Avec ça, pas d’interrogatoire possible. Le type était complètement amnésique et devenait
parfaitement inutile…
-
Entre ça et le coup de la fausse frégate des douanes, fit Akronn, il vaudrait
mieux rester sur nos gardes…
Je suis d’accord, acquiesça Assaï. Il faut prévenir les autres, on fera le point à
l’hôtel.
***
Hôtel Shilla, Metroplexe de Kyusaka, trois heures plus tard
Assise dans un canapé du hall de l’hôtel à se ronger les ongles, Assaï attendait le
retour de Melvyn. Car si Fx était rentré seul deux heures plus tôt parce qu’il était fatigué,
Melvyn, lui, avait décrété qu’il était capable de gérer la situation et qu’il voulait profiter
correctement de sa première soirée daeyaméenne.

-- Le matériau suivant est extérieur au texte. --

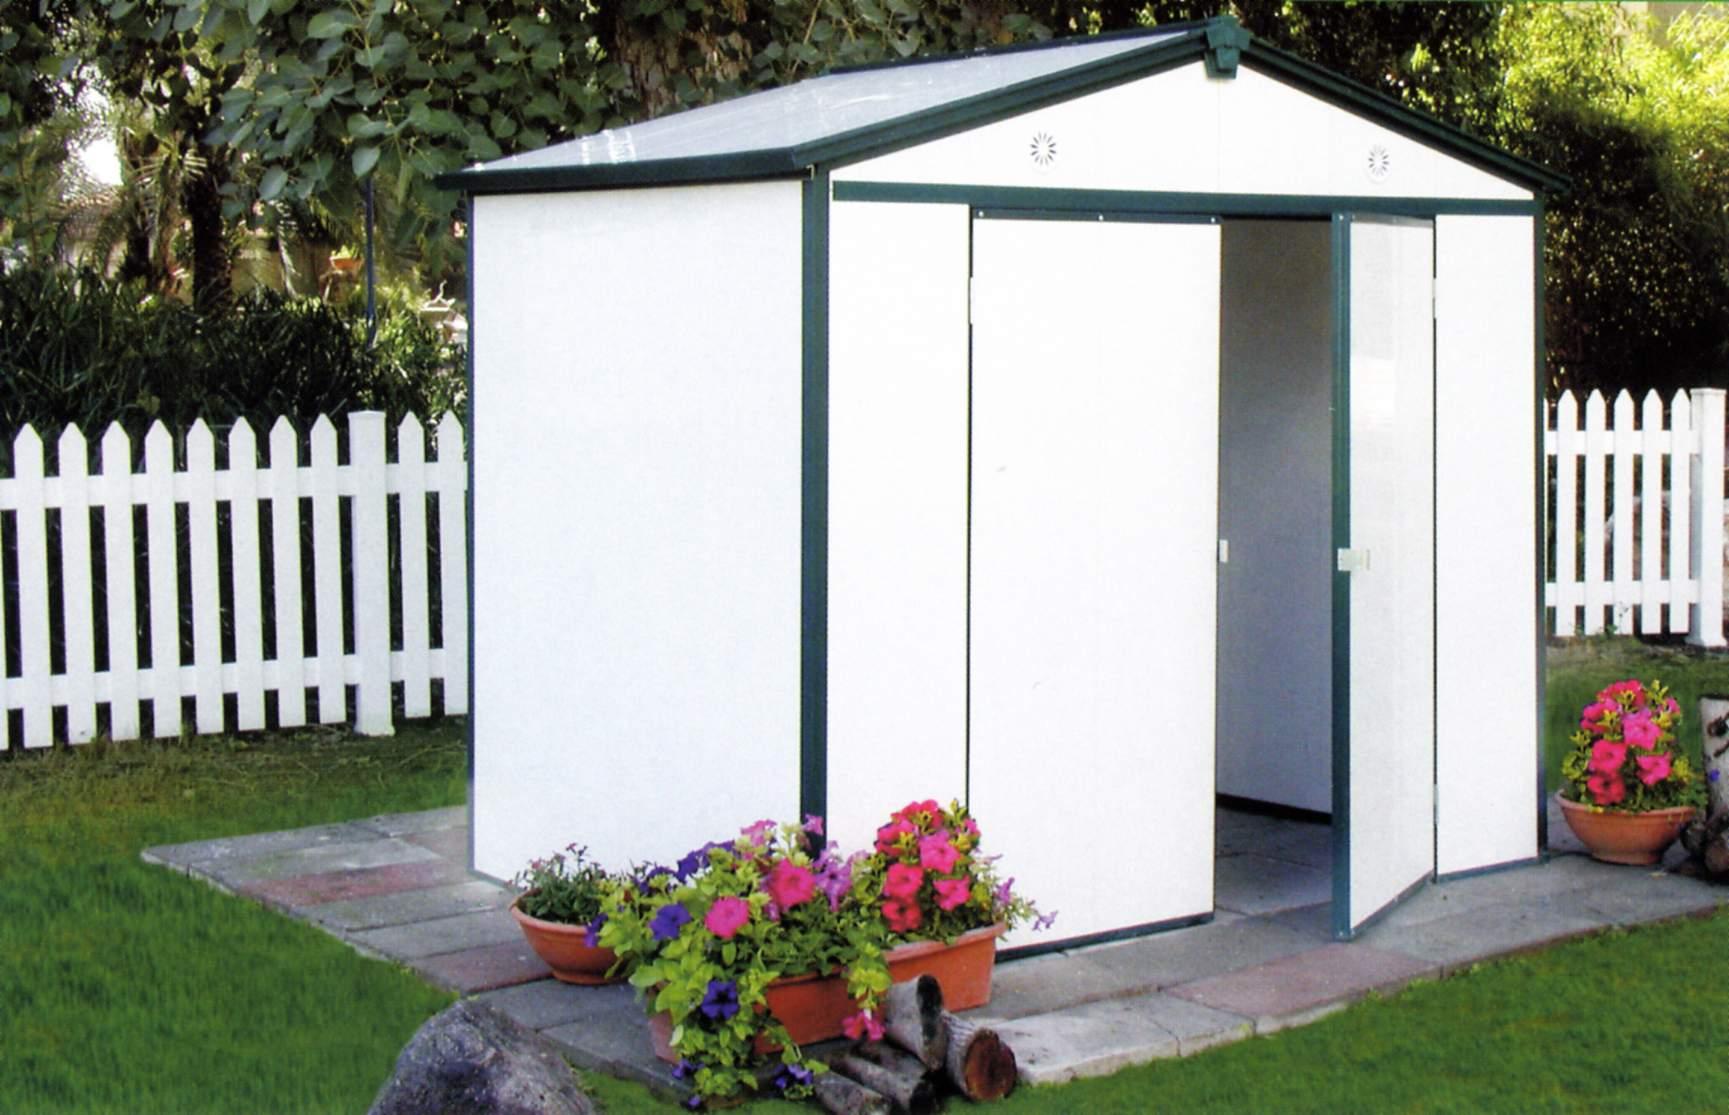 Interdima caseta de jard n pvc modelo inter 64 aislada for Casas para jardin de pvc

Assaï avait hésité à retourner le
chercher mais elle ne voulait pas qu’il se moque d’elle… Et puis, il pouvait rentrer d’une
minute à l’autre de toute façon… En attendant, la jeune femme était anxieuse et espérait
qu’il ne lui était rien arrivé.
Puis elle les vit… Et elle se sentit défaillir. Oh Melvyn allait bien, ça oui… Il rentrait
fièrement à l’hôtel, Wu-mee pendu à son bras. Ils avaient l’air de tellement bien
s’entendre… Elle aurait dû le voir venir. Le cœur d’Assaï se serra. Elle avait été stupide de
croire que le capitaine du Predator puisse s’attacher à elle. Stupide de croire qu’elle pouvait
se rapprocher de lui. Ce n’était qu’un coureur de jupon qui ne méritait pas ce qu’elle était
en train de ressentir.
Idiote, songea-t-elle. Tu le sais pourtant, que t’as pas de chance avec les hommes…
Assaï se leva en prenant soin de ne pas se faire remarquer par le couple puis s’en
alla ruminer dans sa chambre, seule.